Once the test is successful, you can submit a pull request to the geneRNIB repository to integrate your method. See additional Viash commands in the Viash documentation to run your method with different parameters.

Updating the leaderboard

After evaluation is complete, aggregate the raw scores into all_scores.csv:

python scripts/benchmark/aggregate_local_scores.py

Then regenerate the leaderboard figure, which re-runs normalization across all methods:

python scripts/benchmark/create_overview_figure.py

The raw benchmark scores are also available for download on the Leaderboard page.

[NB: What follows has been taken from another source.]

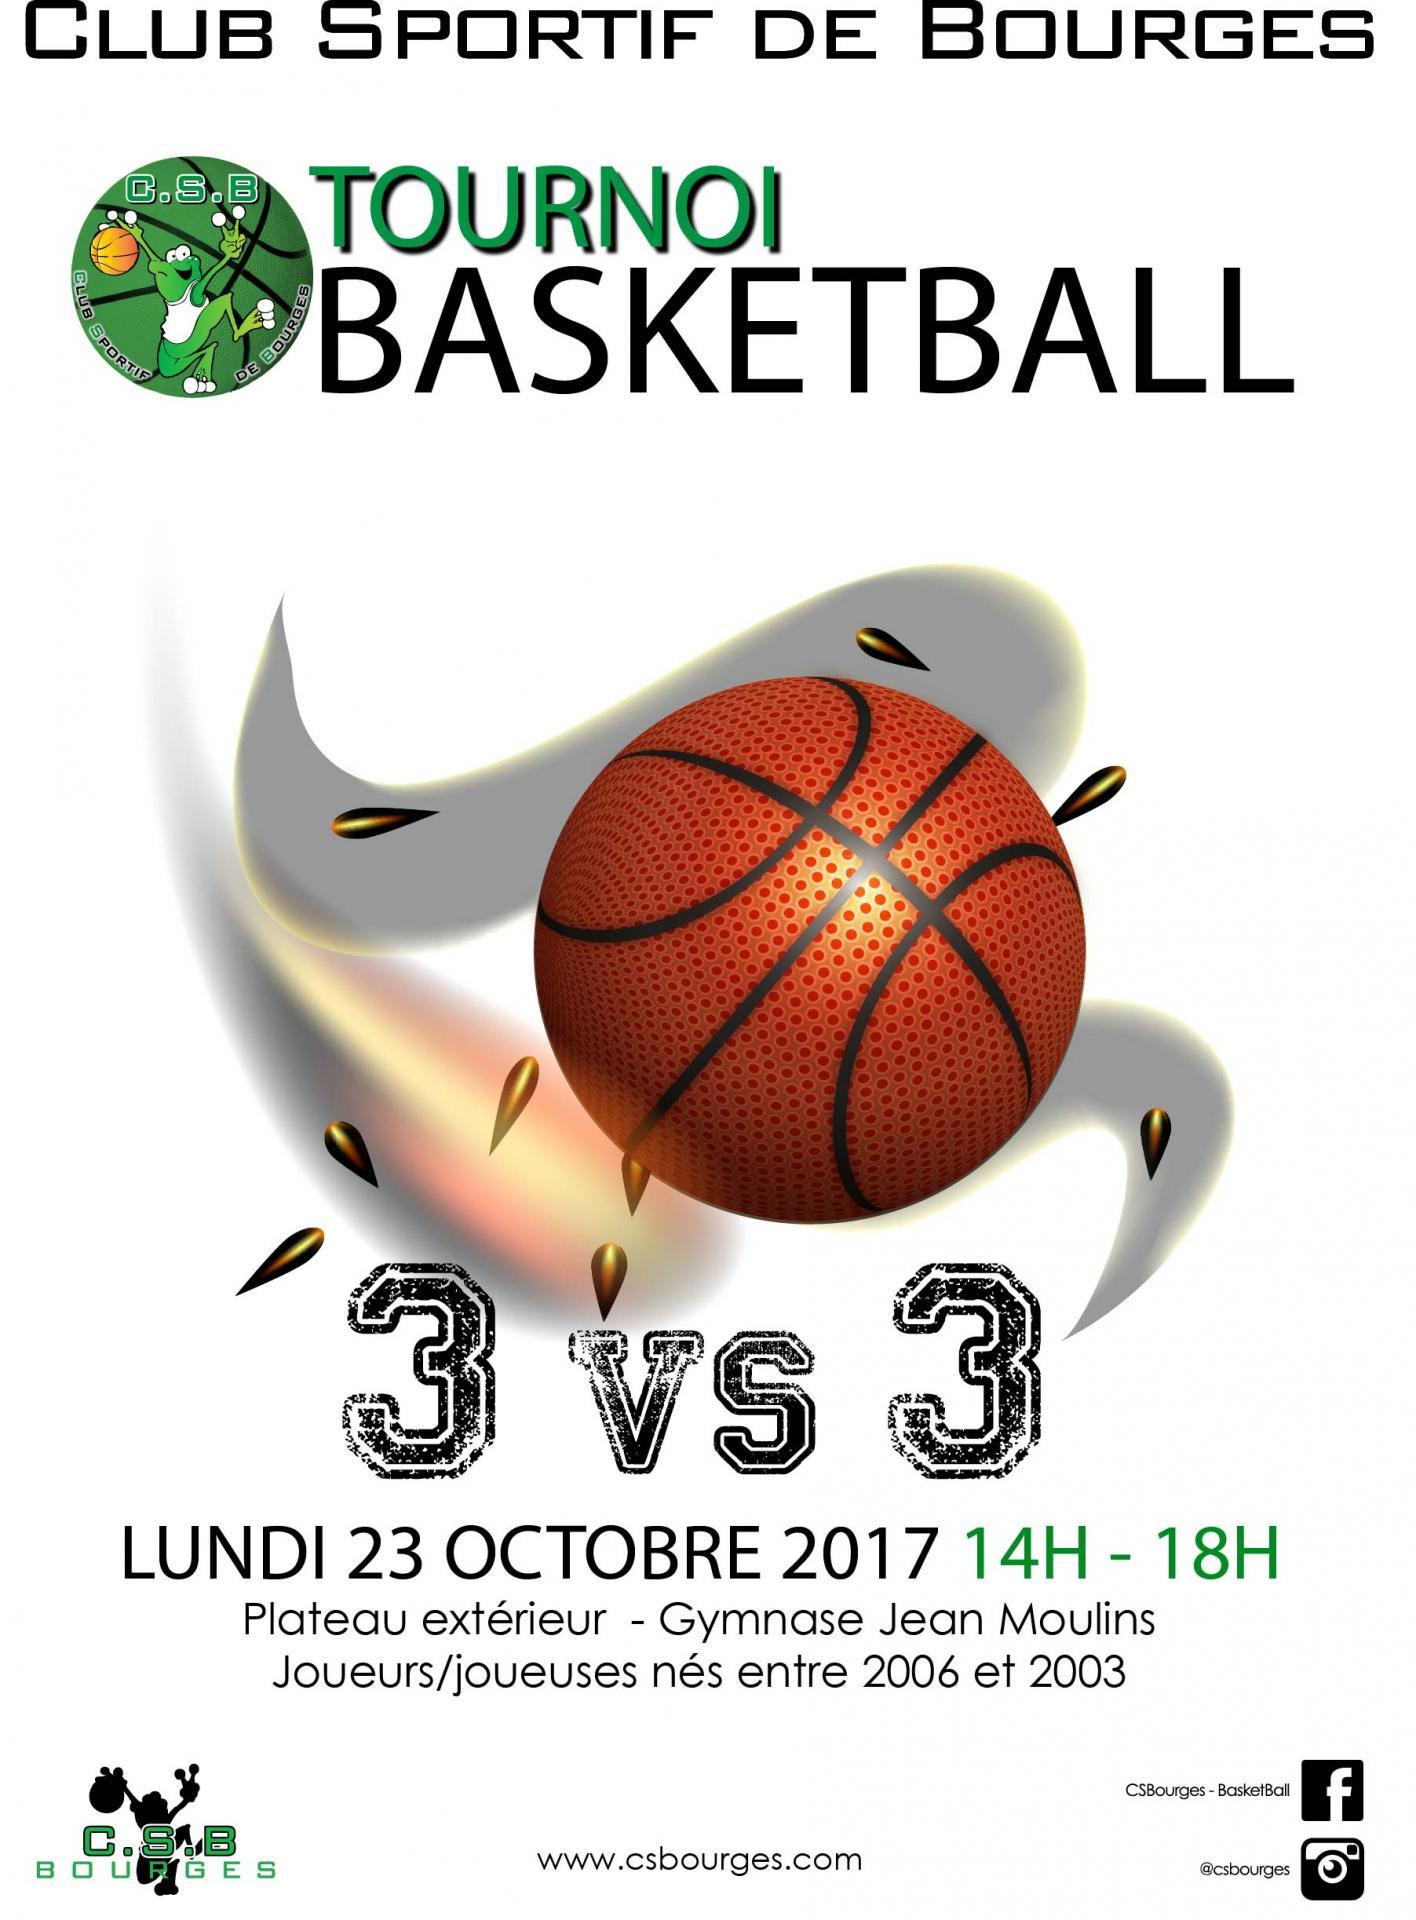 Tournoi octobre 2017 3x3 vblanche
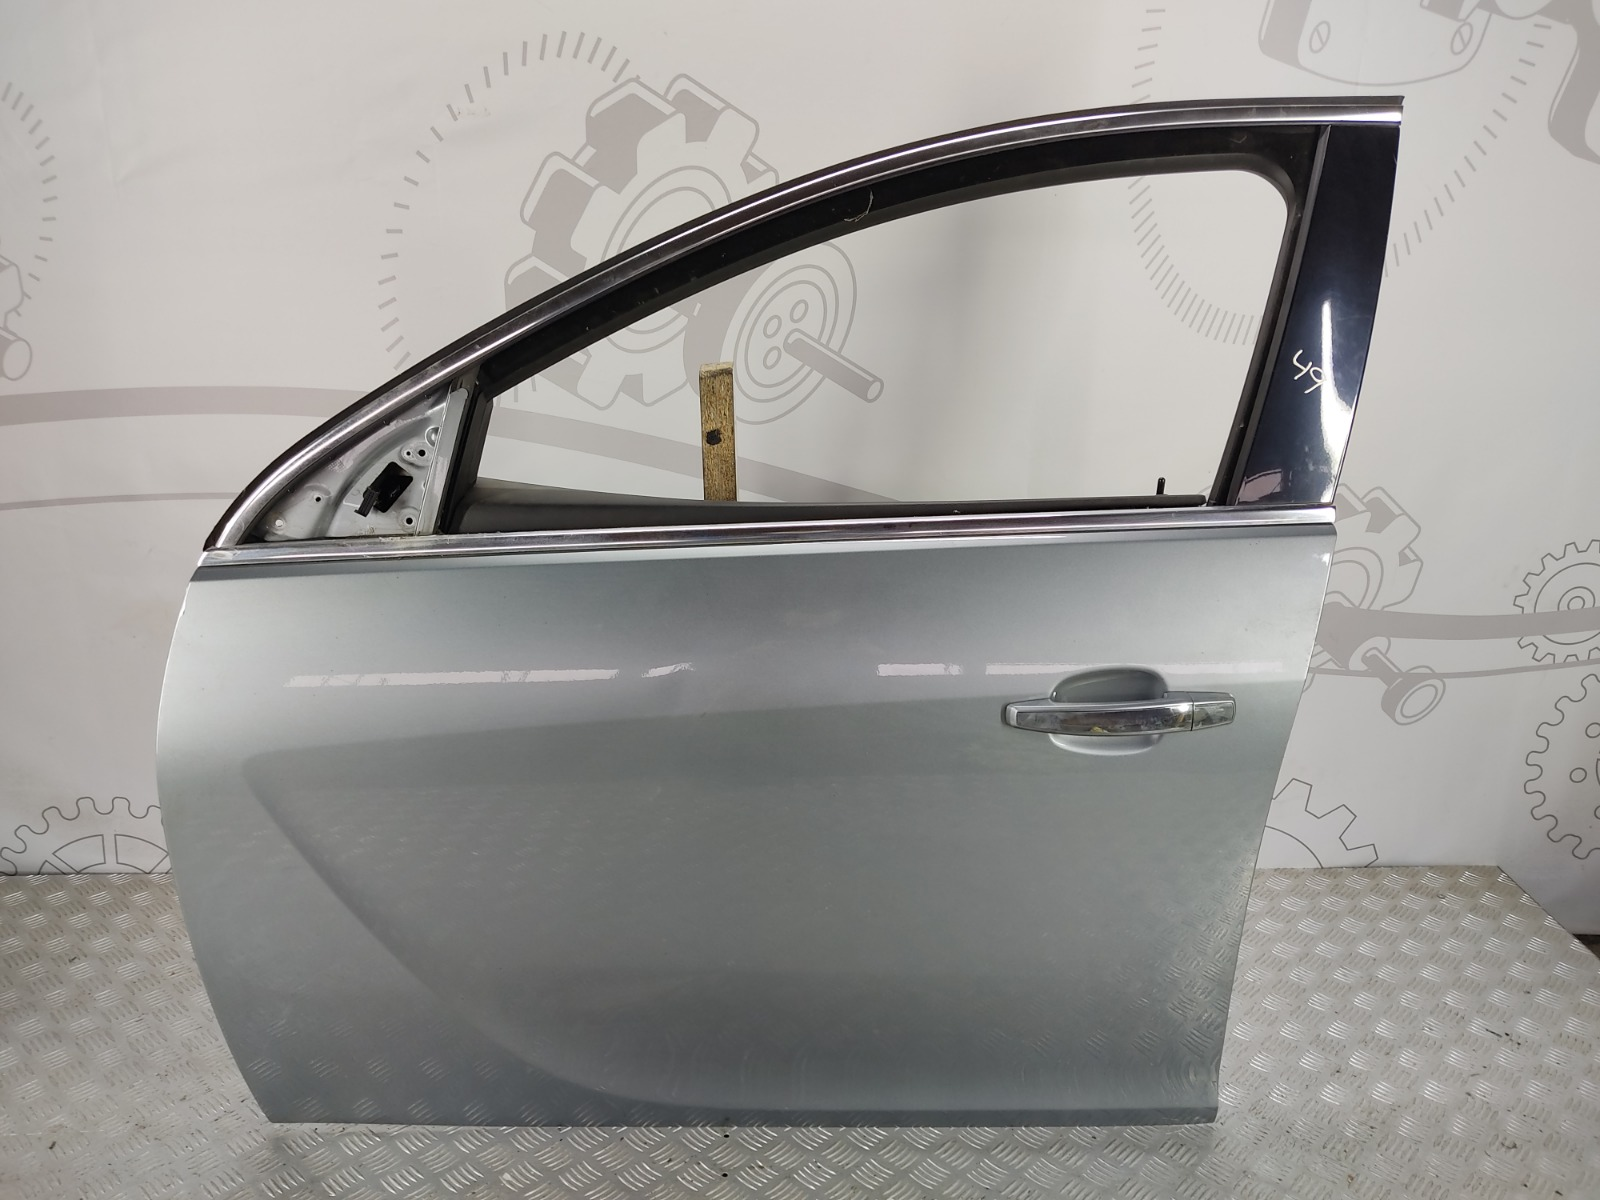 Дверь передняя левая Opel Insignia 2.0 CDTI 2010 (б/у)

Add a GRN evaluation metric

Similar to method integration, metrics also follow similar file formatting. See folder src/metrics/ for examples. While new metrics could use different evaluation datasets, the current files for evaluation are located in resources/grn_benchmark/evaluation_data. There are three formats of datasets; single cell, (pseudo)bulk, and differential expression (de). The choice of the dataset depends on the evaluation metric.

A few tips:

use read_prediction from from src/utils/util to read the inferred GRNs and do checking the format.
the metric should output a score which has to be a h5ad file. In Python, this can be done:

import pandas as pd
from util import format_save_score

results = pd.DataFrame({
    'metric_key_1': [metric_value_1],  # submetric 1
    'metric_key_2': [metric_value_2],  # submetric 2
})
method_id = 'name of GRN method'
dataset_id = 'name of dataset used for GRN inference'
score_file = 'output/score.h5ad'

format_save_score(results, method_id, dataset_id, score_file)

Add a GRN inference and evaluation dataset

Here we explain how to integrate new datasets. All datasets are in h5ad, and the example structure of a inference or evaluation dataset can be found in resources/grn_benchmark/. The inference datasets are in resources/grn_benchmark/inference_data/ and the evaluation datasets are in resources/grn_benchmark/evaluation_data/. Each dataset should have a unique dataset_id, stored in .uns[‘dataset_id’], that will be used to identify it in the platform. In addition, there should be additional information stored in .uns, such as the description, reference, and normalization type. Also, the normalized values should be stores in layers with the name of normalization method, e.g. lognorm.